Одна из его книг называется «Римские заметки», своего рода «Прогулки» Стендаля, но вышедшие из-под пера того, кого Достоевский, возможно, слегка иронически, называл «gentilhomme russe»[443] (отец Георгий всегда напоминал мне какого-то его невоплощенного героя), с его богатством культурной памяти, несущей столько имен, обстоятельств, встреч, «римских древностей». Европа римская, Европа русская, больница, приход, книги, им написанные, проповедь живого Христа
Чем дальше мы удаляемся от дня и года кончины отца Георгия Чистякова, тем более светлеет его облик, тем ближе становится его присутствие. Но при жизни я знал его совсем не близко. Две-три встречи в Италии, две-три в Москве – и это, собственно, всё. Но вспоминаю его всё чаще и, вспоминая, всегда удивляюсь. Удивляюсь тому главному, что было и по сей день остается в нем: его образу, исповедничеству, тонусу его веры, его неповторимому свидетельству о Христе. Этот образ… Как определить его? Назову его абсолютной увлеченностью всего существования, при котором «от избытка сердца глаголют уста»[446]. Кажется, со времени его рукоположения – далеко не раннего, на сороковом году жизни, до столь ранней смерти через неполных пятнадцать лет – его уста никогда не закрывались. Они стали устами той живой воды, о которой говорится в Евангелии, читаемом на Троицу[447]. Живой водой отца Георгия была сама его жизнь, жизнь как исповедание, как в буквальном, так и в расширительном смысле, то есть прежде всего в духовничестве, в таинстве Покаяния несчитанных его «духовных чад» (хотя я стараюсь не пользоваться этой формулой), в служении, проповедях, в книгах, статьях, конференциях, толкованиях Священного Писания, но также в столь же несчитанных актах милосердия.

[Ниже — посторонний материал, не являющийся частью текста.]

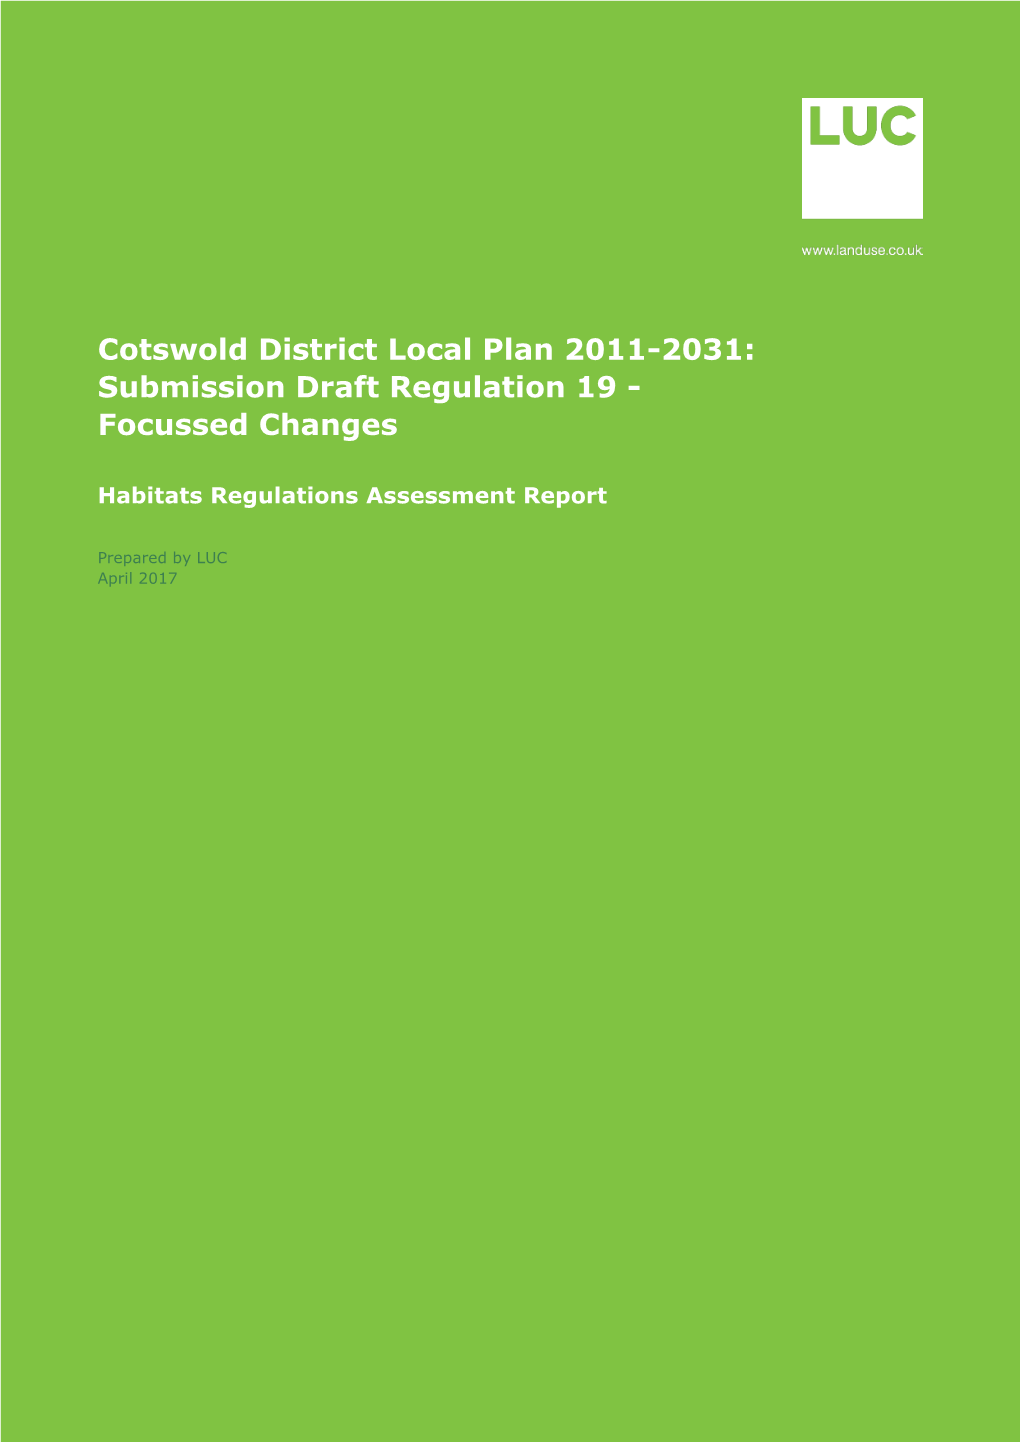 Cotswold District Local Plan 2011-2031: Submission Draft Regulation 19 - Focussed Changes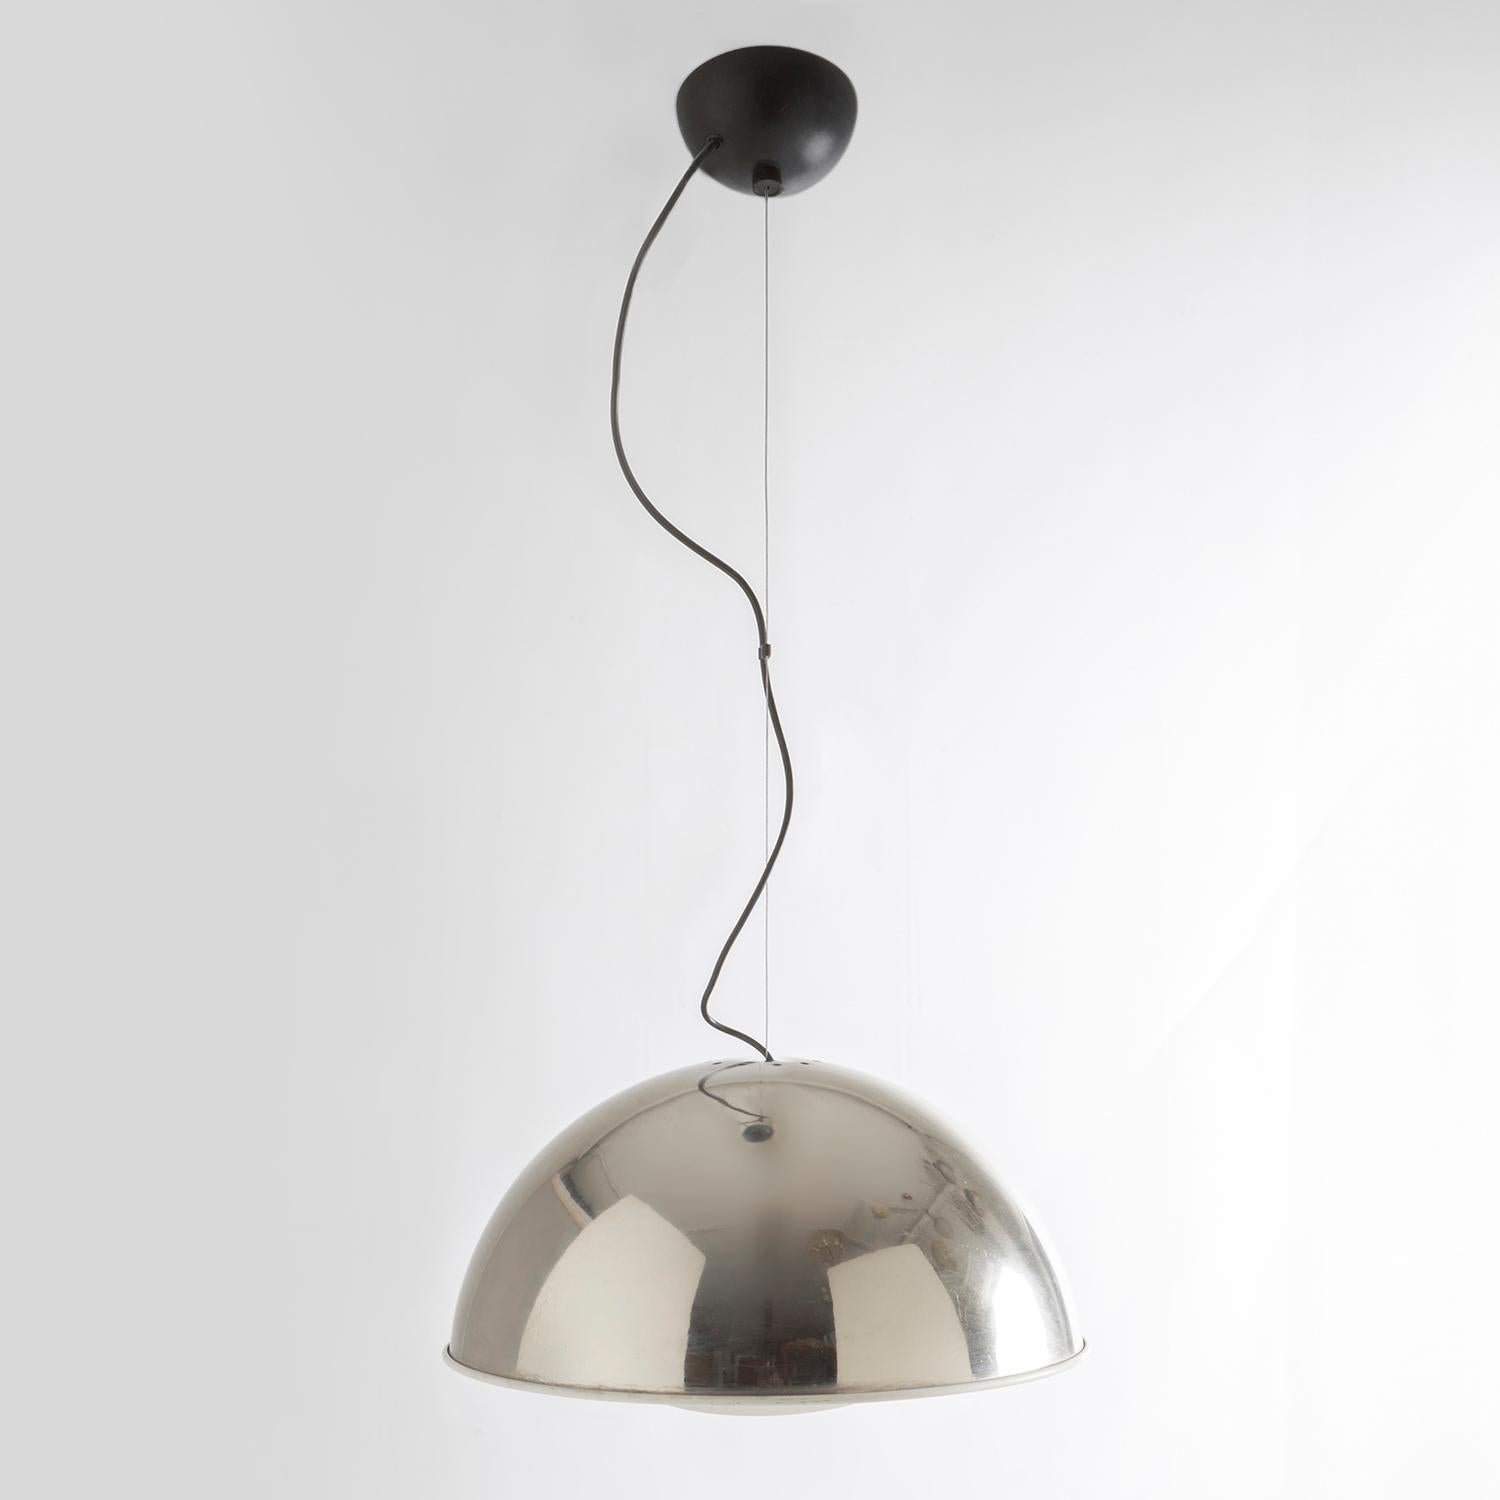 Rare and unusual pendant designed by Max Ingrand for Fontana Arte in the late 1960s, chrome cap and white inner reflector. Etched and frosted diffuser glass. In excellent condition, the height measurement refers to the canopy only, the height from

Обо всём этом я не стану рассказывать. Друзья и собратья, присутствующие на вечере, расскажут о том лучше меня. Сейчас, читая две его только что вышедшие книги, которых я прежде не читал, я задумываюсь о его облике, сопоставляя его с тем, что сохранила память. В его текстах прежде всего чувствуется жар слова, который прямо струится от его строк, – та исповедь горячего сердца, по слову Достоевского, интонация которой сближает его с проповедями митрополита Антония (Блума). И у владыки Антония, и у отца Георгия поражает эта всецелая открытость сердца, вложенного в слово, предельная личная пережитость того, что ими произносилось и исповедовалось. Ни там, ни здесь вы не найдете ни одного чужого, проходного, затертого слова. В этом, кстати, ловушка, которая каждый день стоит на пути священнического труда. Так легко, соблазнительно соскользнуть на дорожку привычных правильных слов, за которыми стоит тысячелетняя традиция, но нет тебя, чувствующего и мыслящего сегодня.